Everything in the listing below except the pictures should be reproduced exactly.

DATA EXCERPT —
——

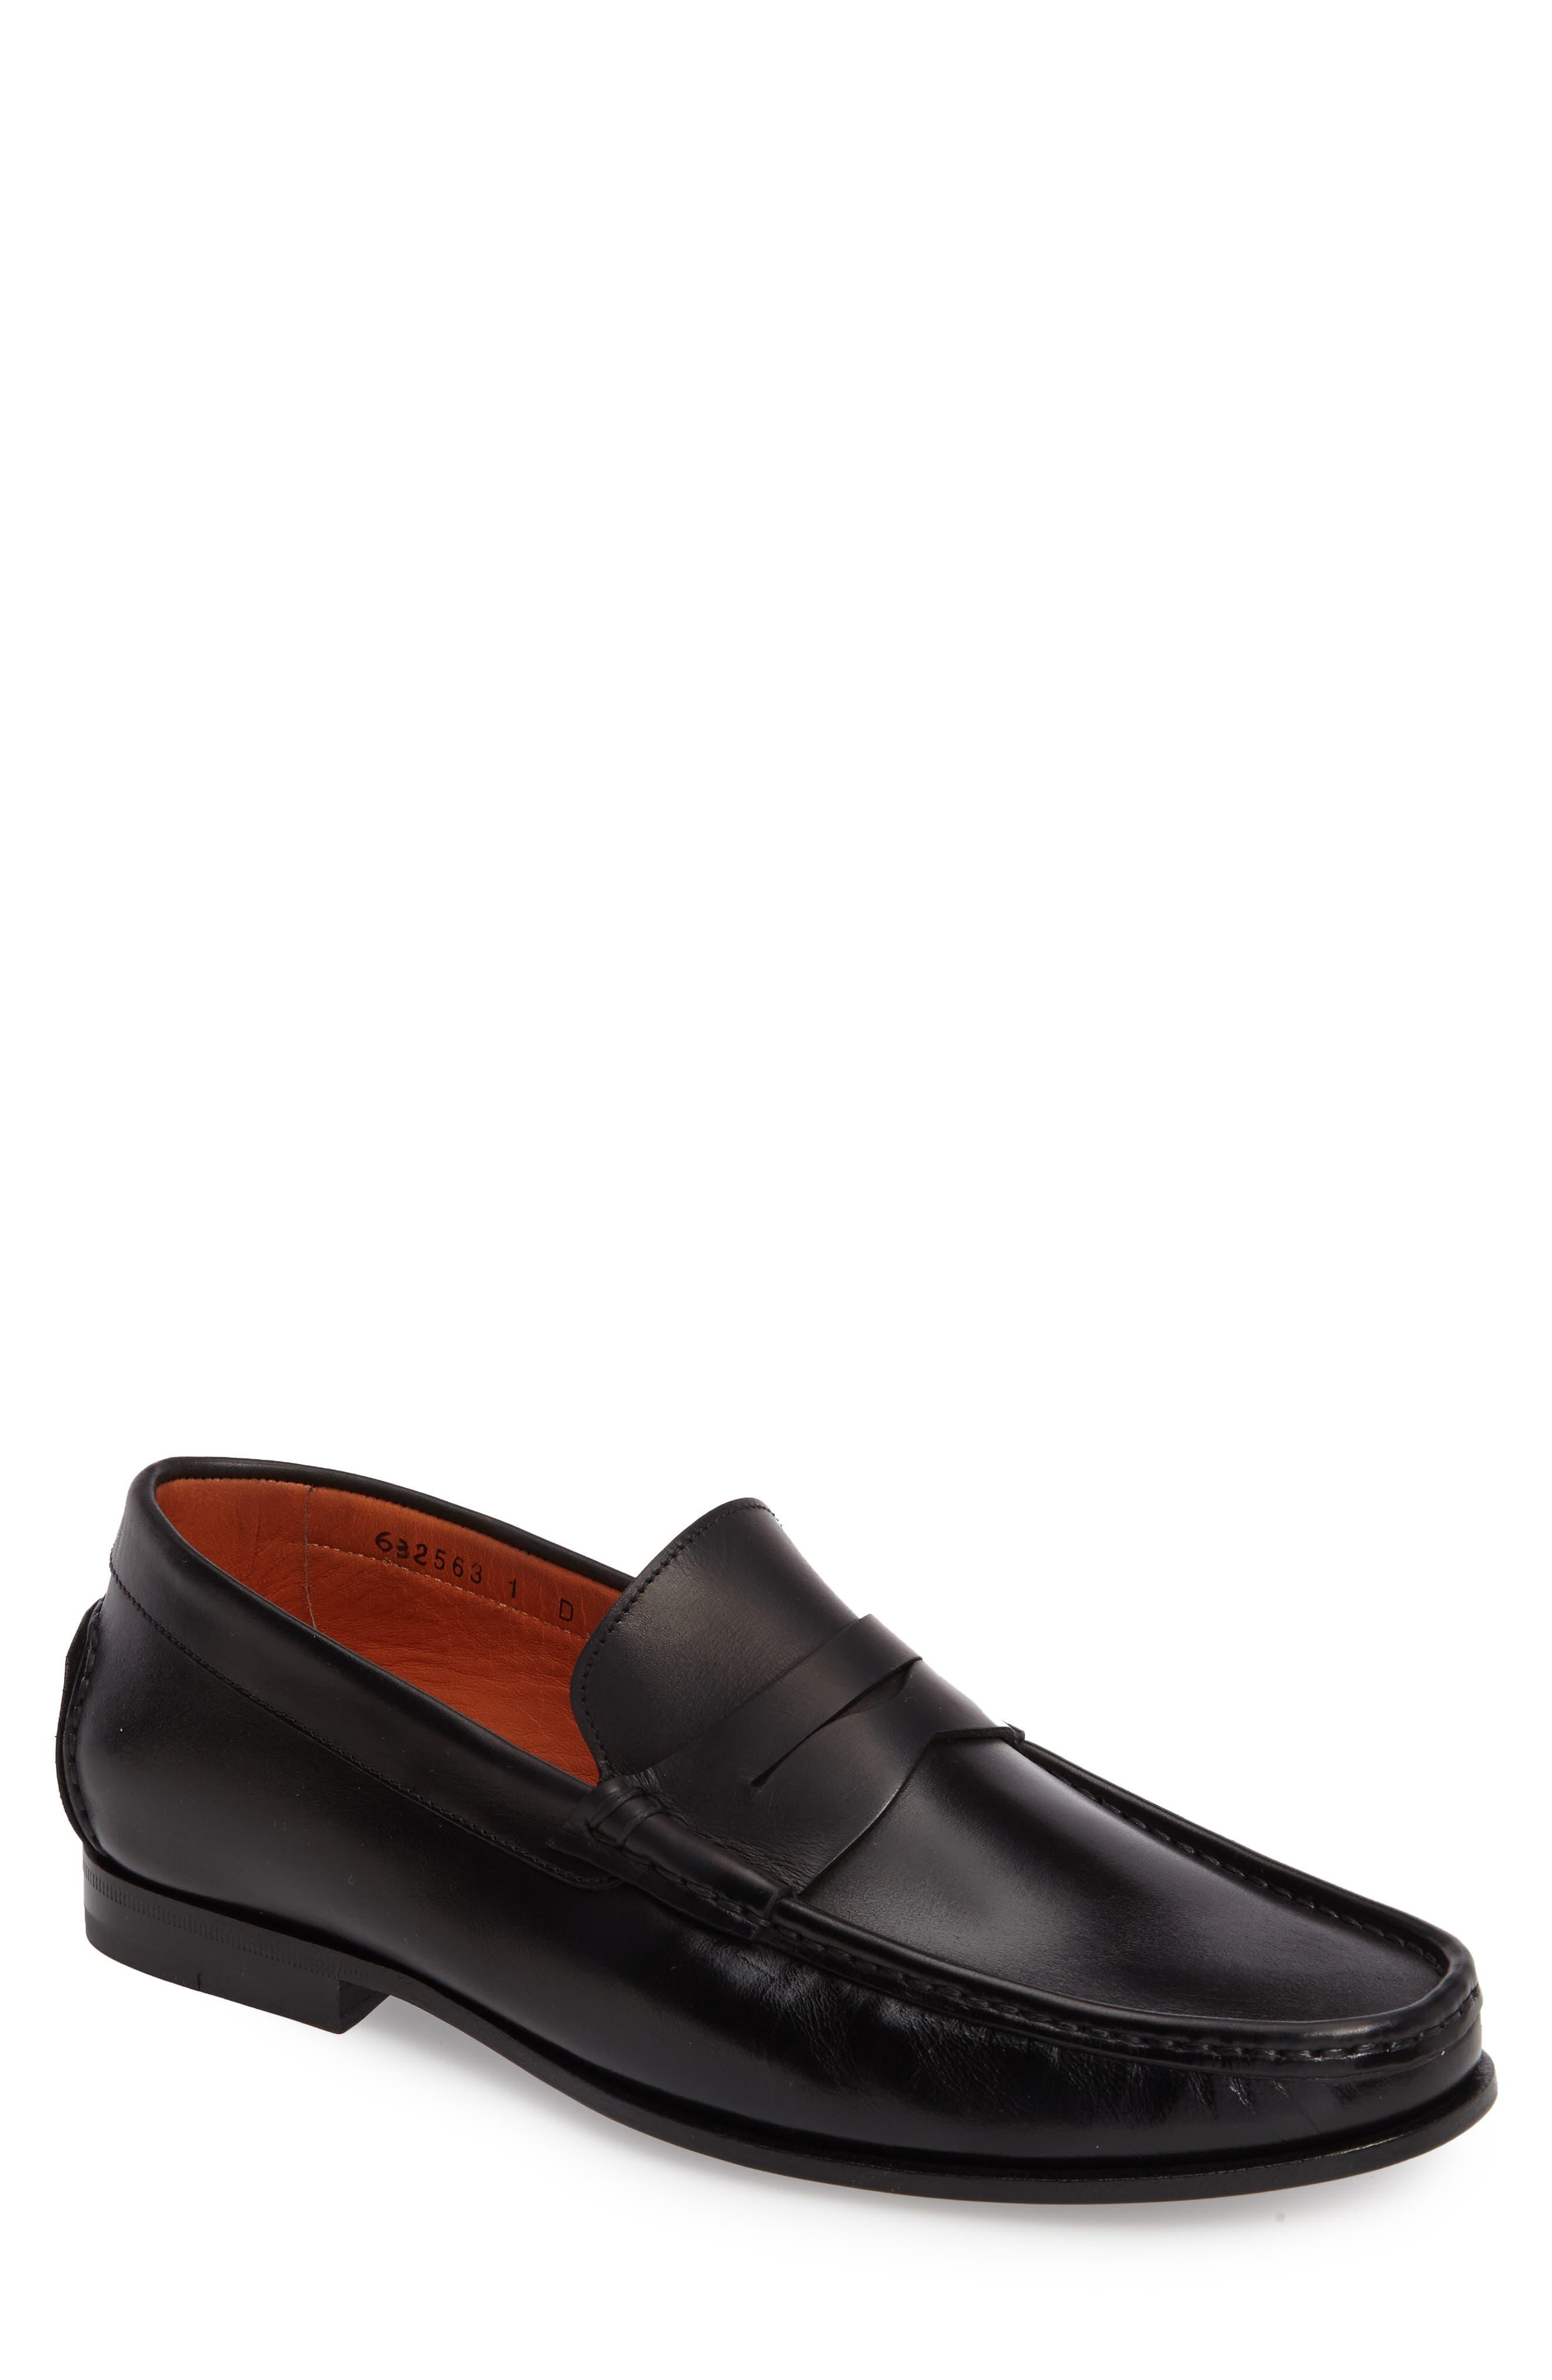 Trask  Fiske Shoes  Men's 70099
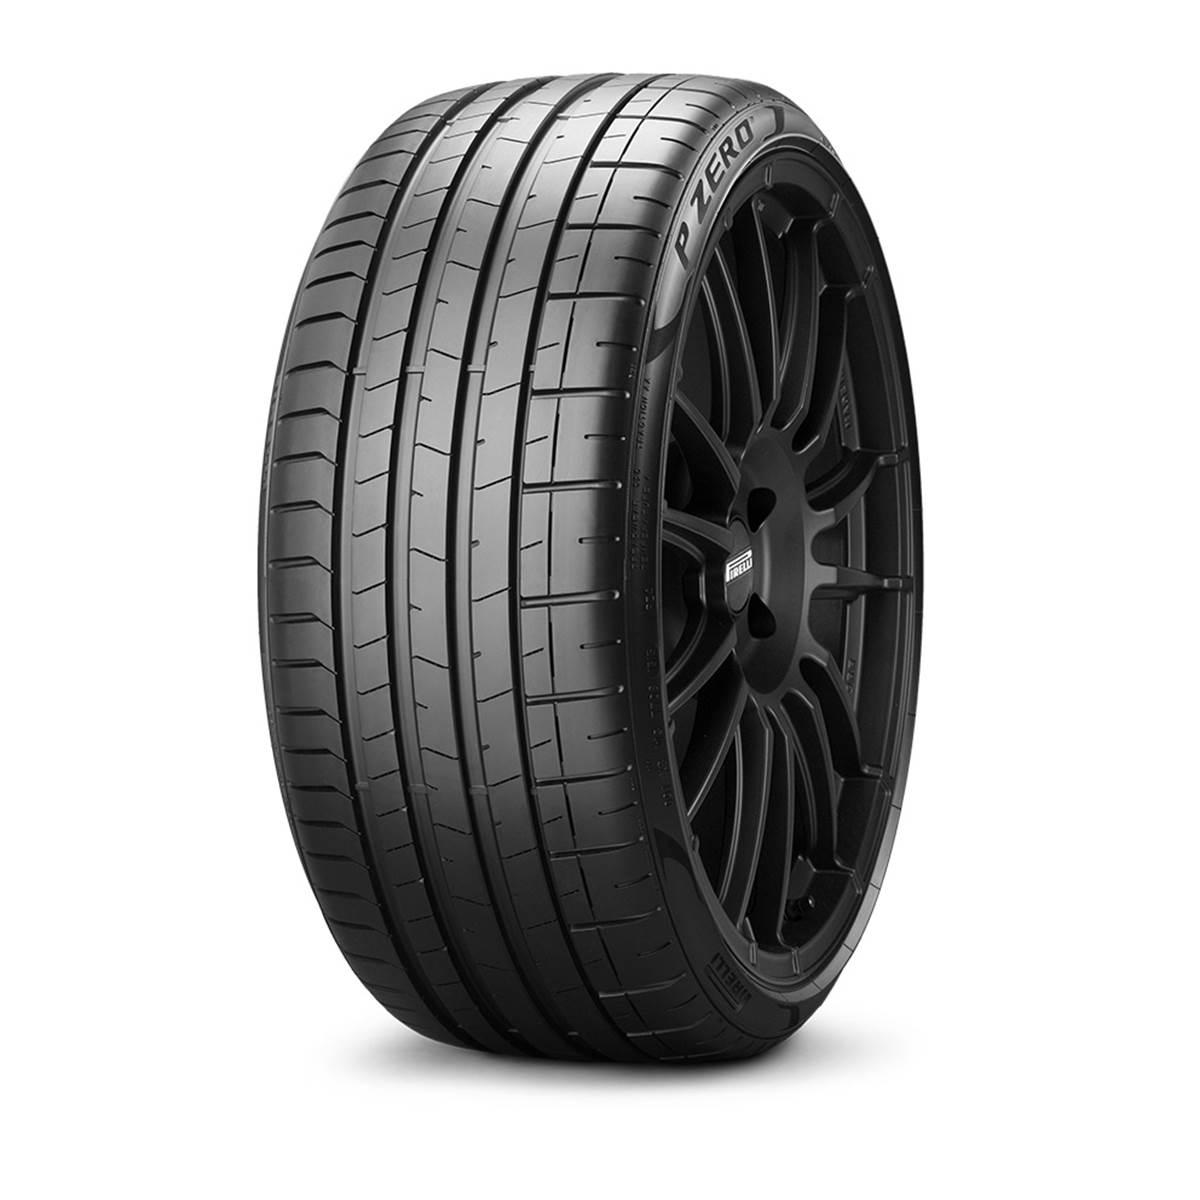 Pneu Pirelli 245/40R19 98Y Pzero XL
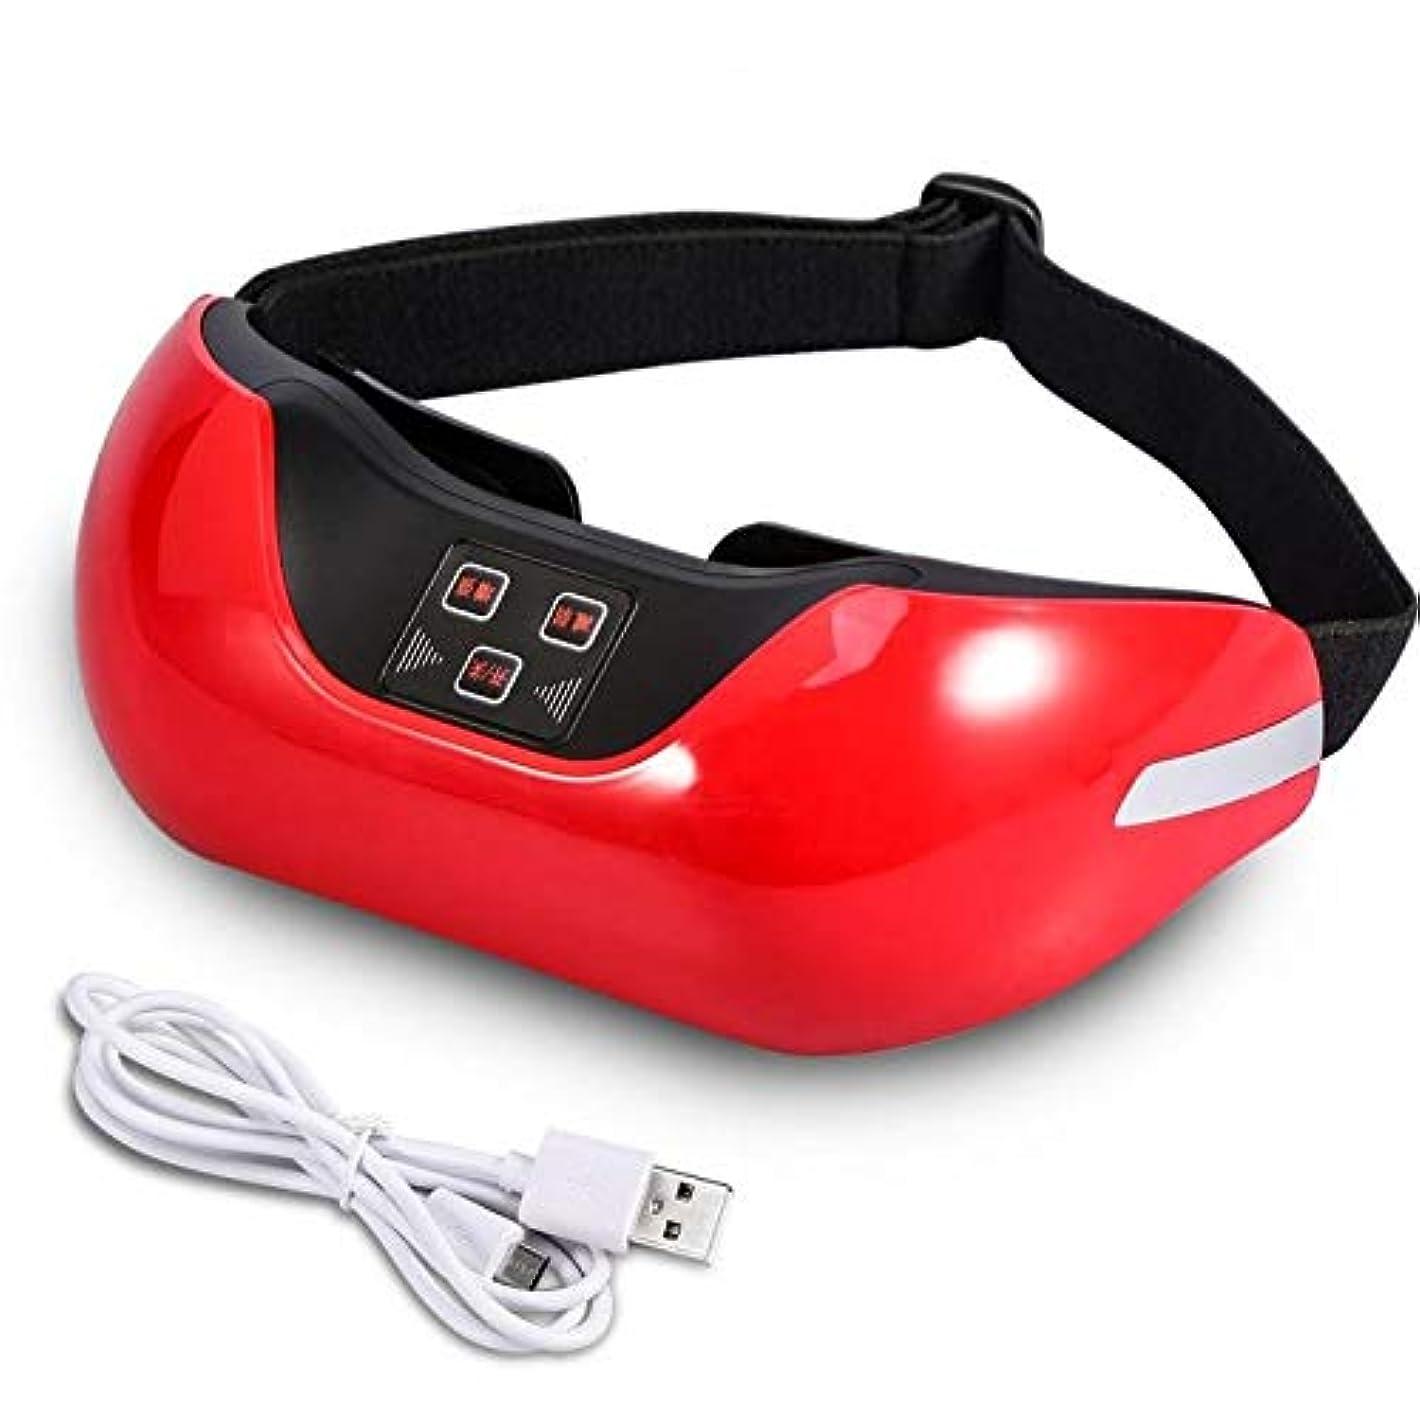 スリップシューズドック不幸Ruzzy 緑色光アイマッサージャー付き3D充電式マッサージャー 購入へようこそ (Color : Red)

——

YOUR RESPONSE —
 Trask  Fiske Shoes  Men's 70099
 Pneu Pirelli 245/40R19 98Y Pzero XL
 スリップシューズドック不幸Ruzzy 緑色光アイマッサージャー付き3D充電式マッサージャー 購入へようこそ (Color : Red)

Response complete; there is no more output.